Segment Start: Given material

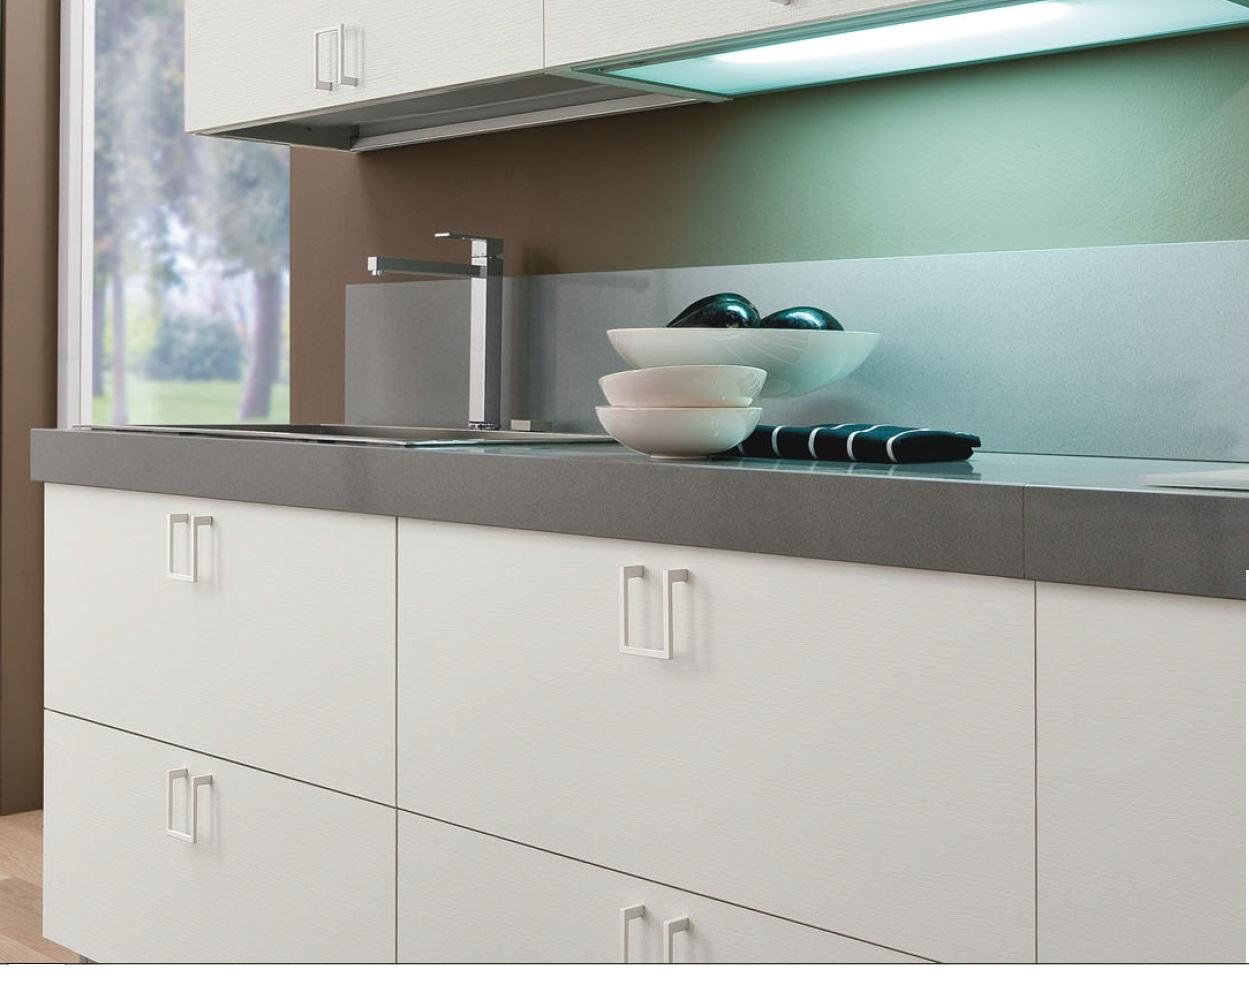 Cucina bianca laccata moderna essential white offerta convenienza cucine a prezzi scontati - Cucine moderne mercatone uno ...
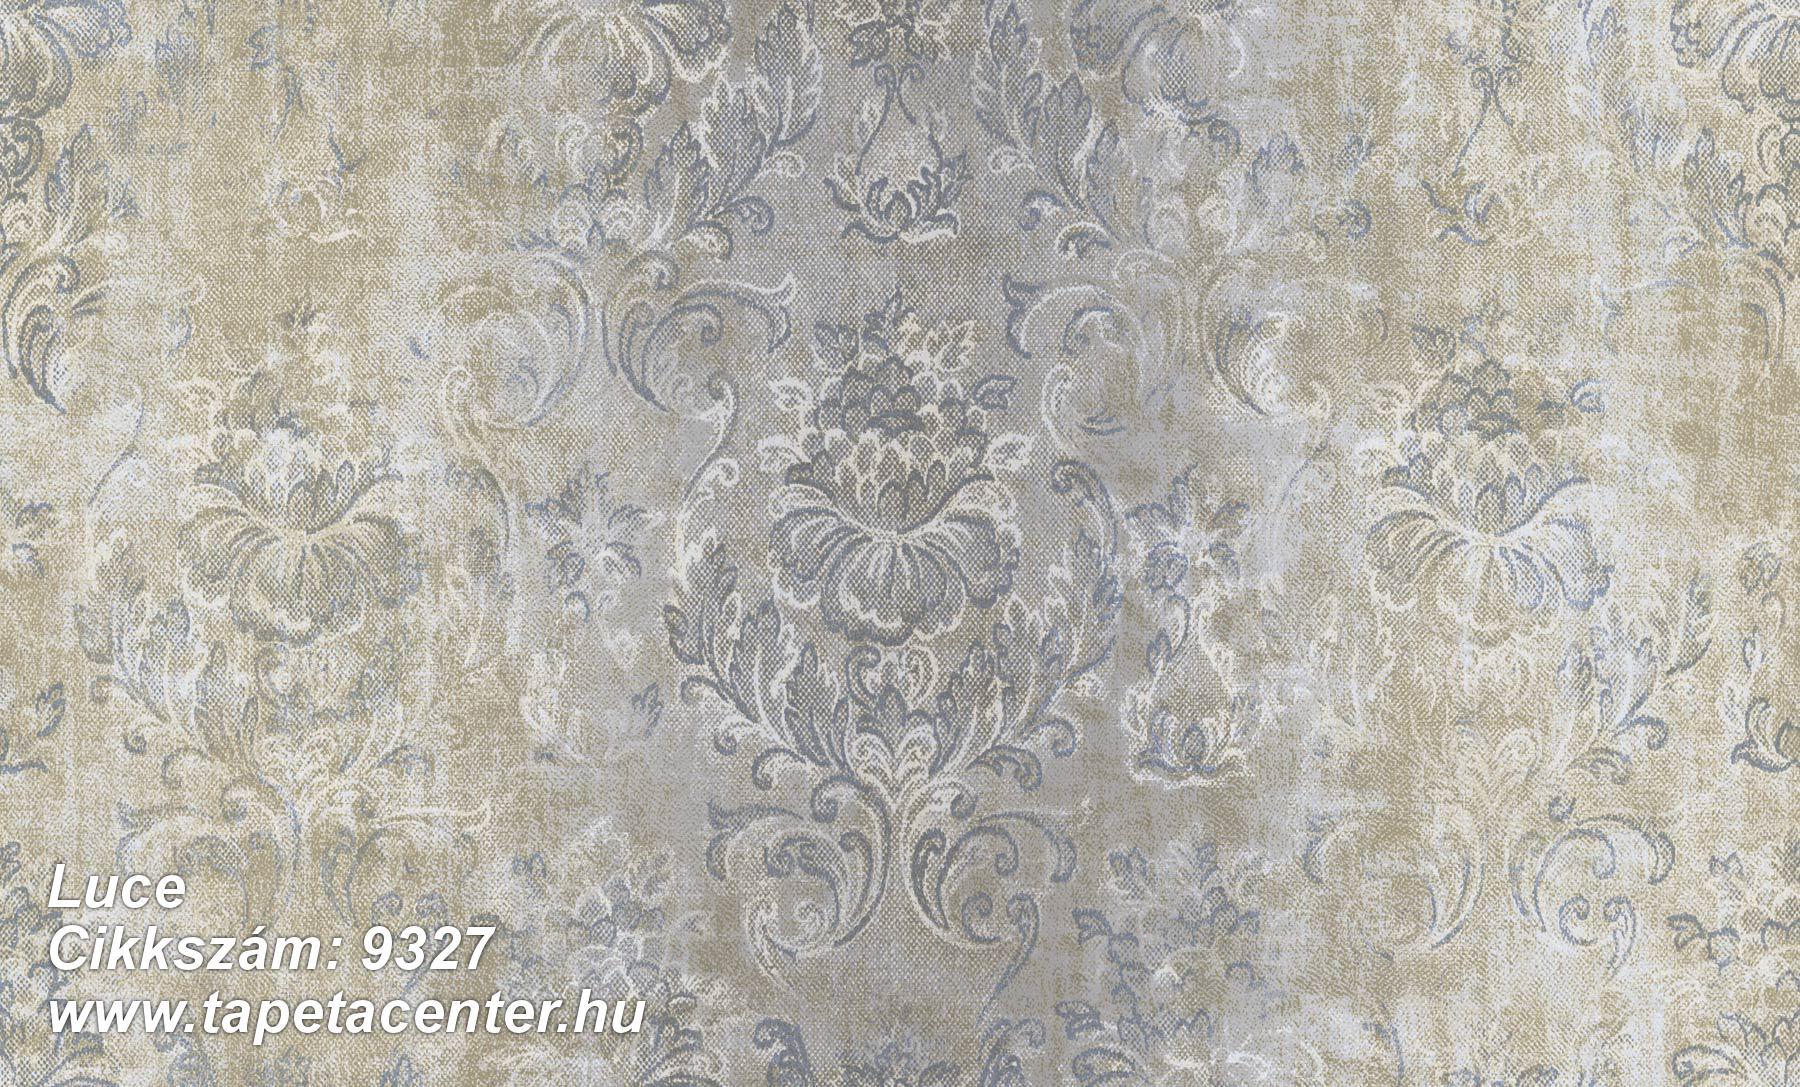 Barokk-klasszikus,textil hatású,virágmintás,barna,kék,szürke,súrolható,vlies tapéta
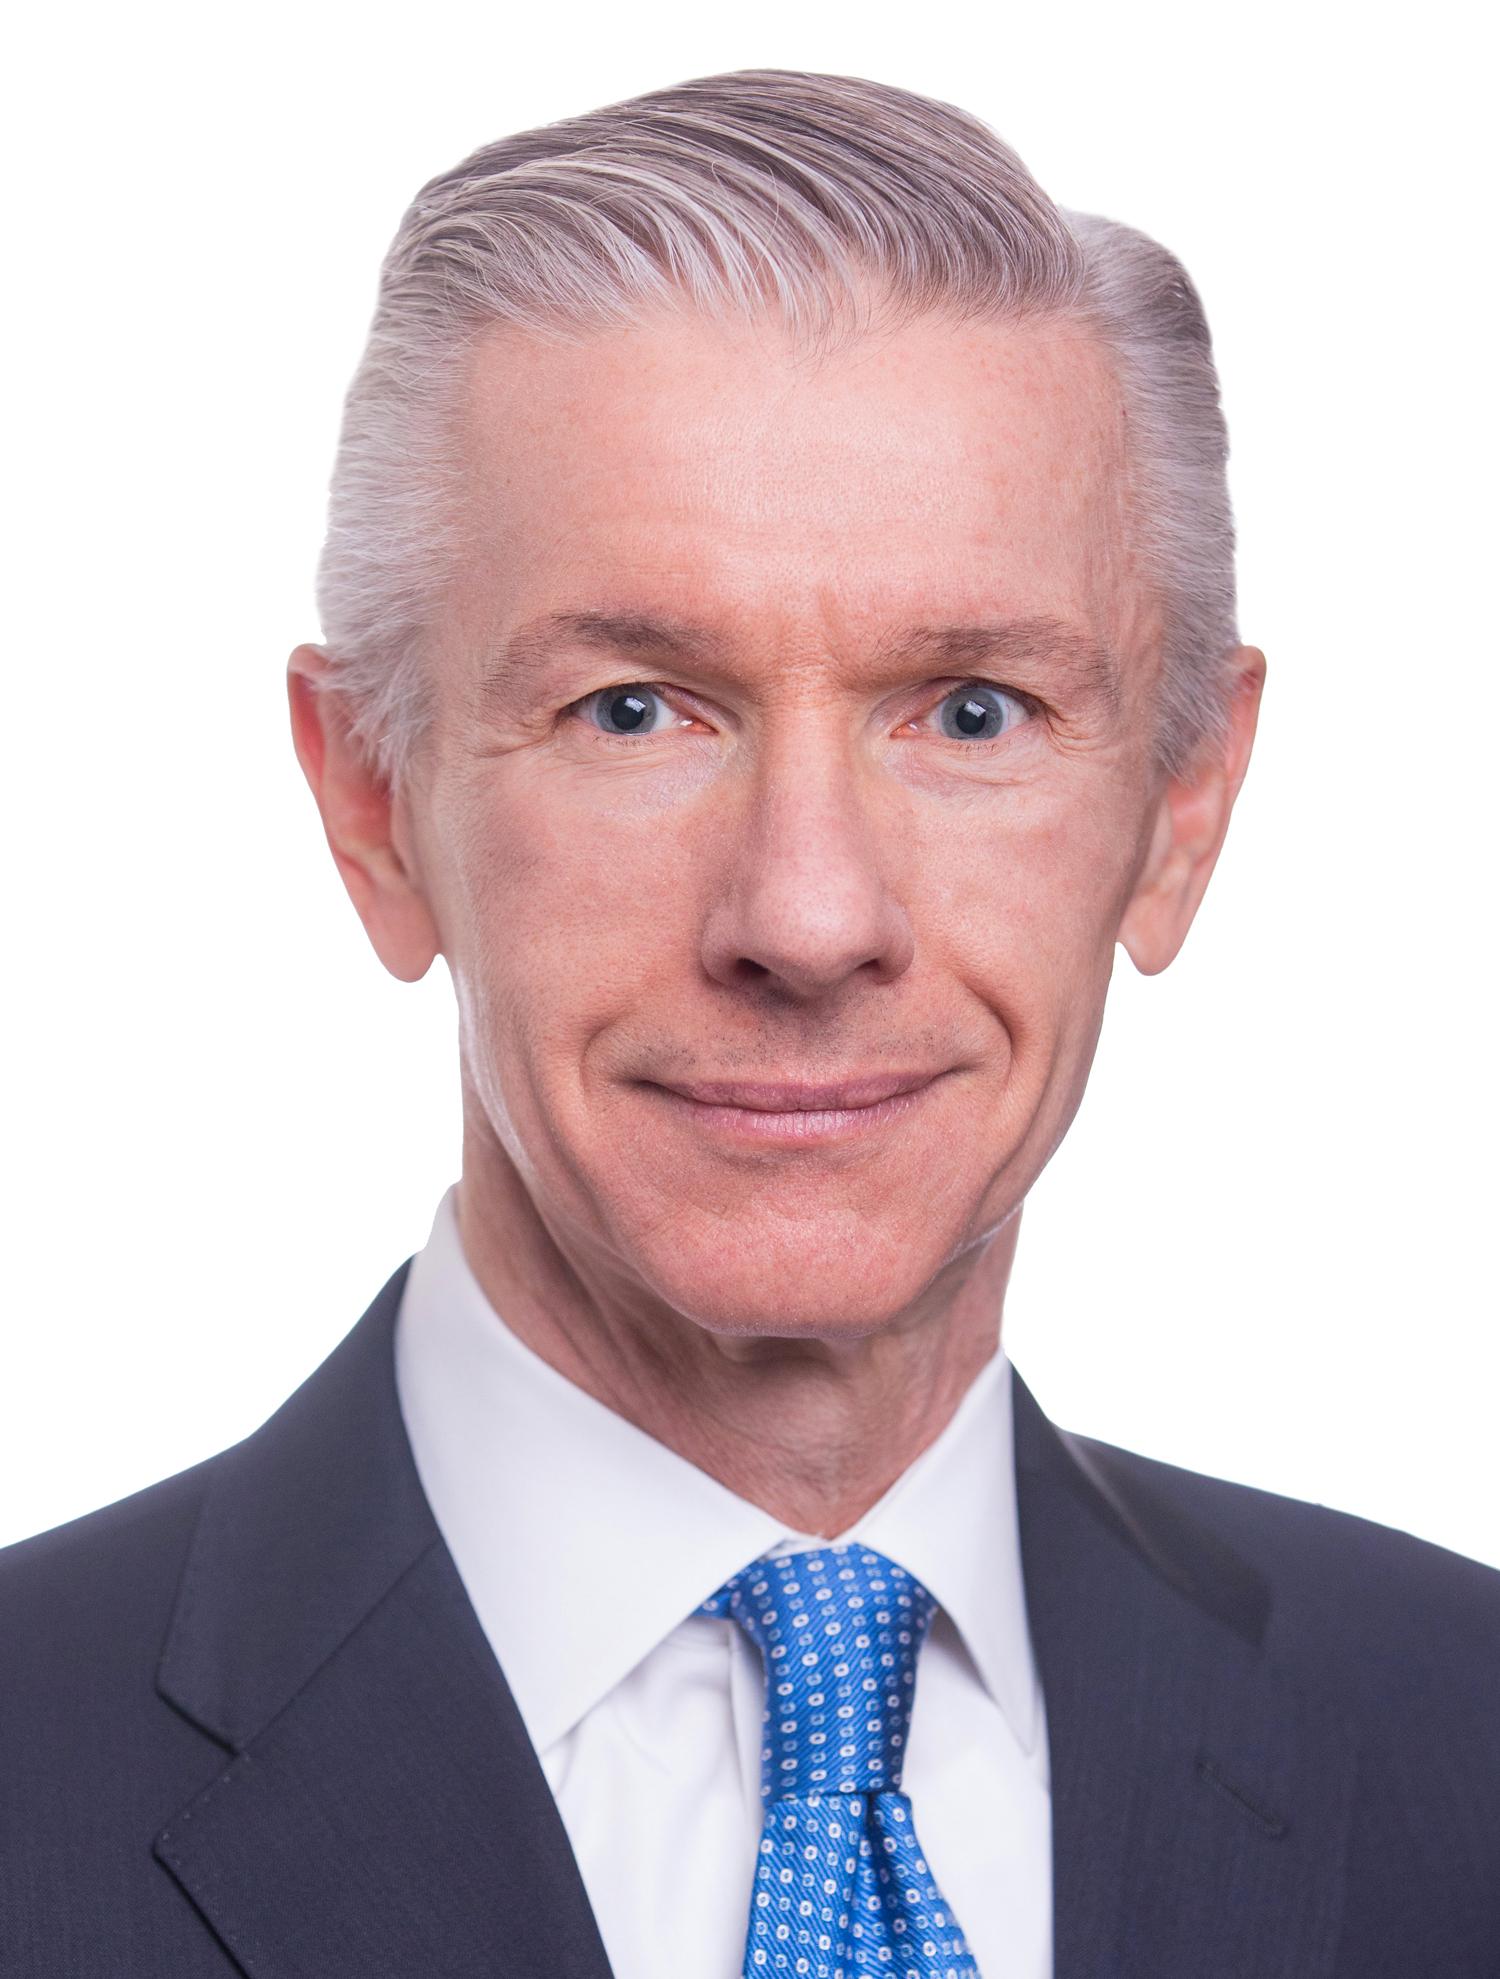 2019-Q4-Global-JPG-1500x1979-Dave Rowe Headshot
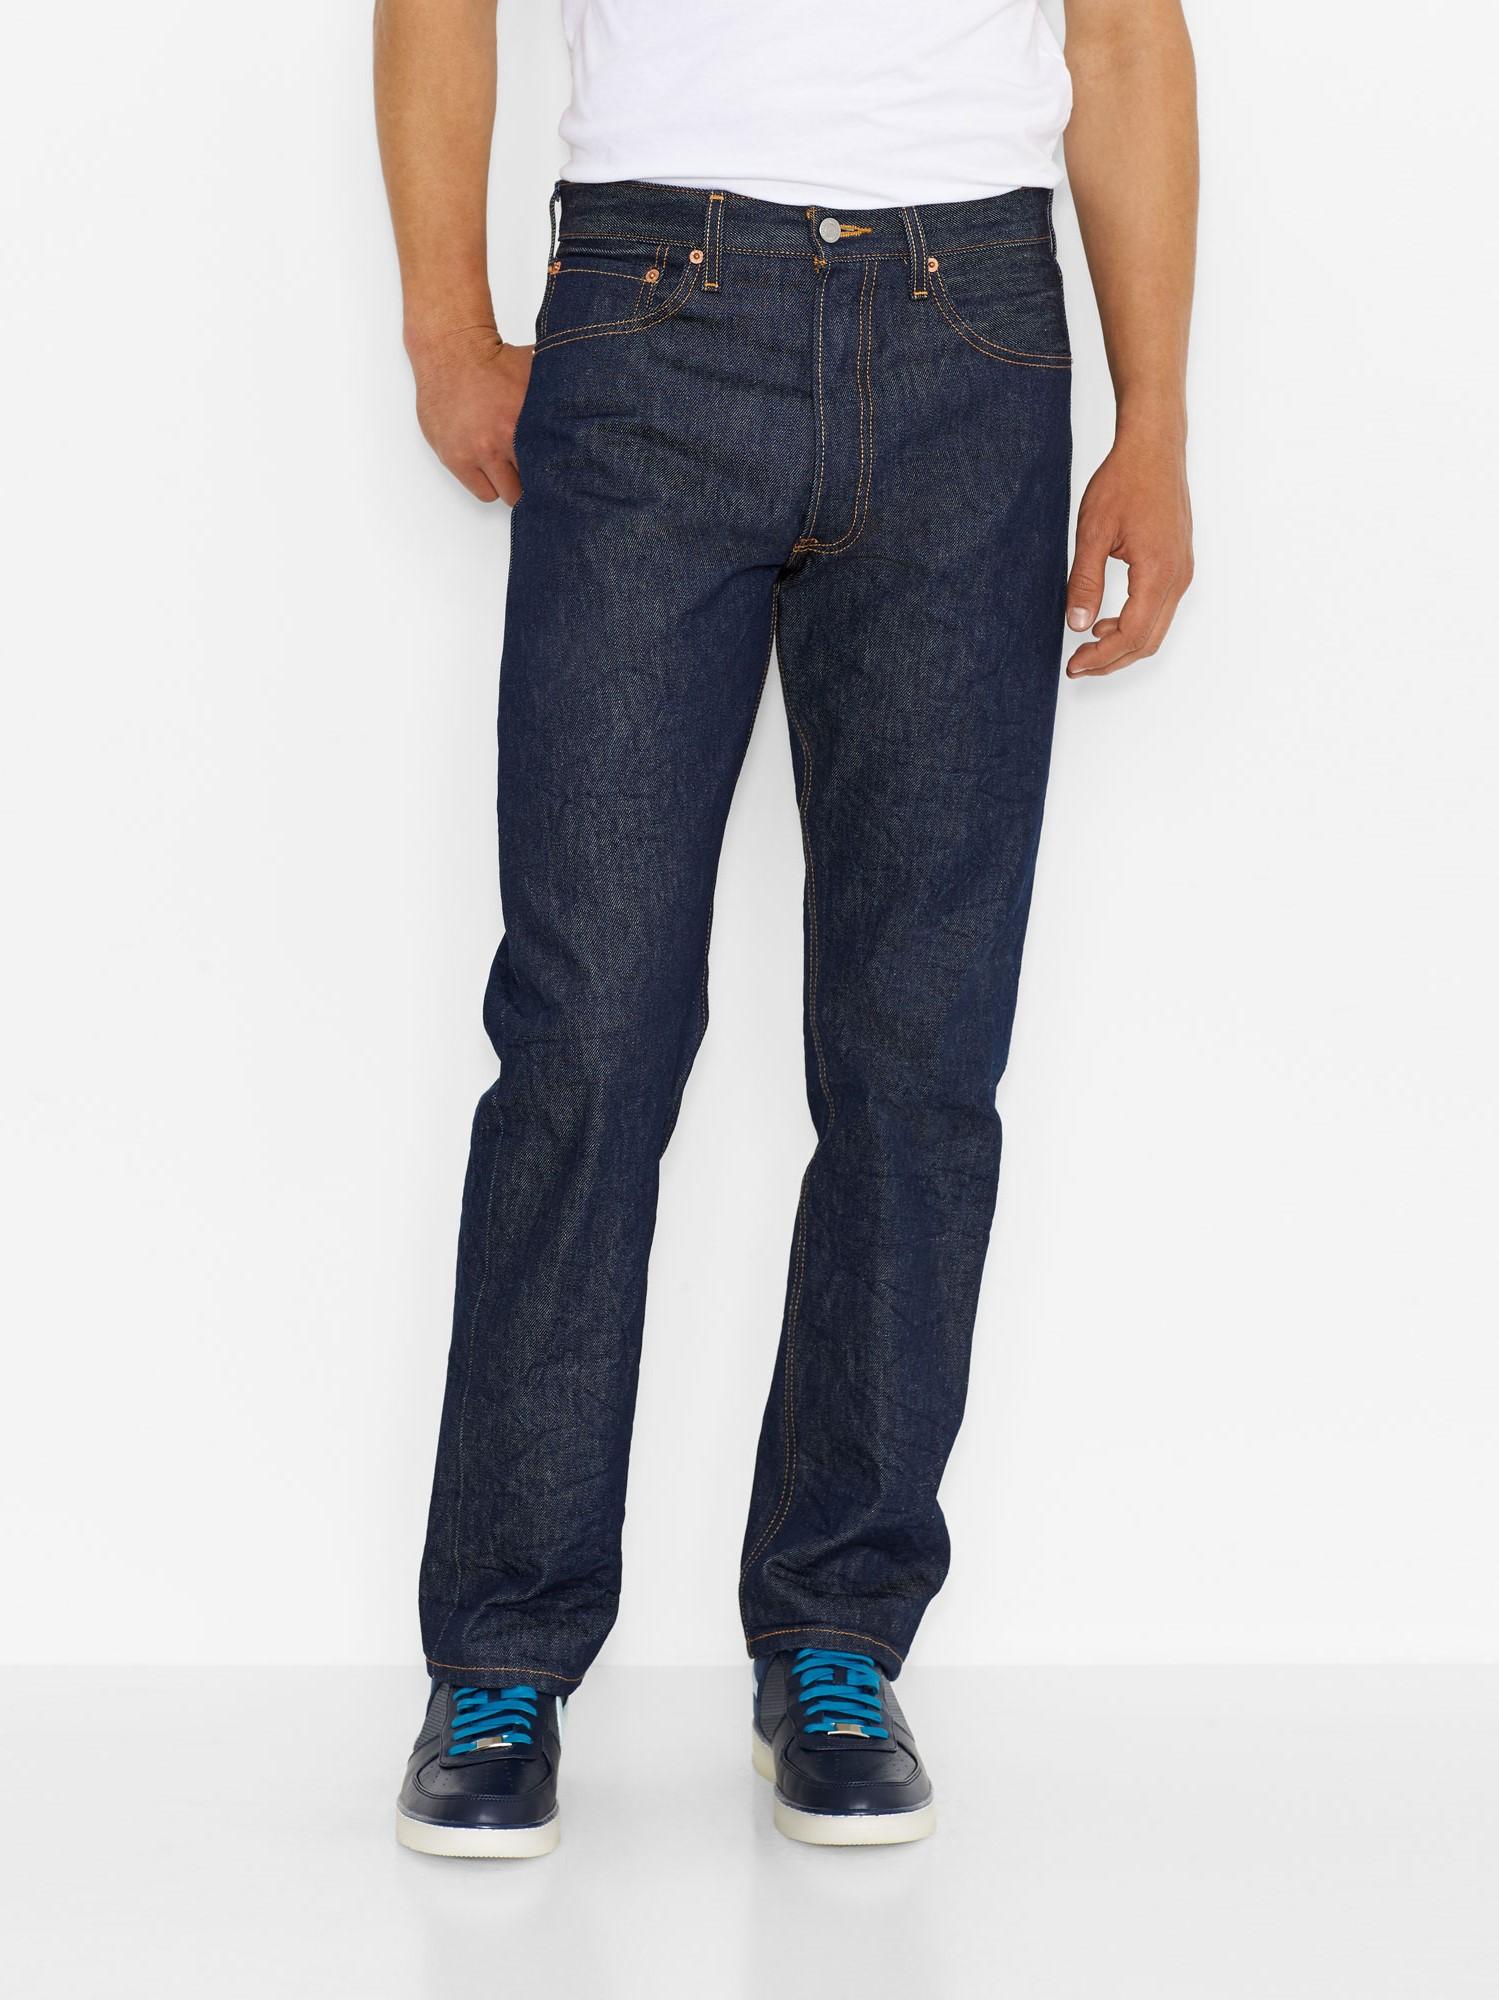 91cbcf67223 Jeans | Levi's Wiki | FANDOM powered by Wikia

Segment End: Given material

§ **Problem statement**:
If pictures appear in the data, do not print them; repeat the rest exactly.

§ **Response for this exercise**:
 Cucina bianca laccata moderna essential white offerta convenienza cucine a prezzi scontati - Cucine moderne mercatone uno ...
 Barokk-klasszikus,textil hatású,virágmintás,barna,kék,szürke,súrolható,vlies tapéta
 2019-Q4-Global-JPG-1500x1979-Dave Rowe Headshot
 91cbcf67223 Jeans | Levi's Wiki | FANDOM powered by Wikia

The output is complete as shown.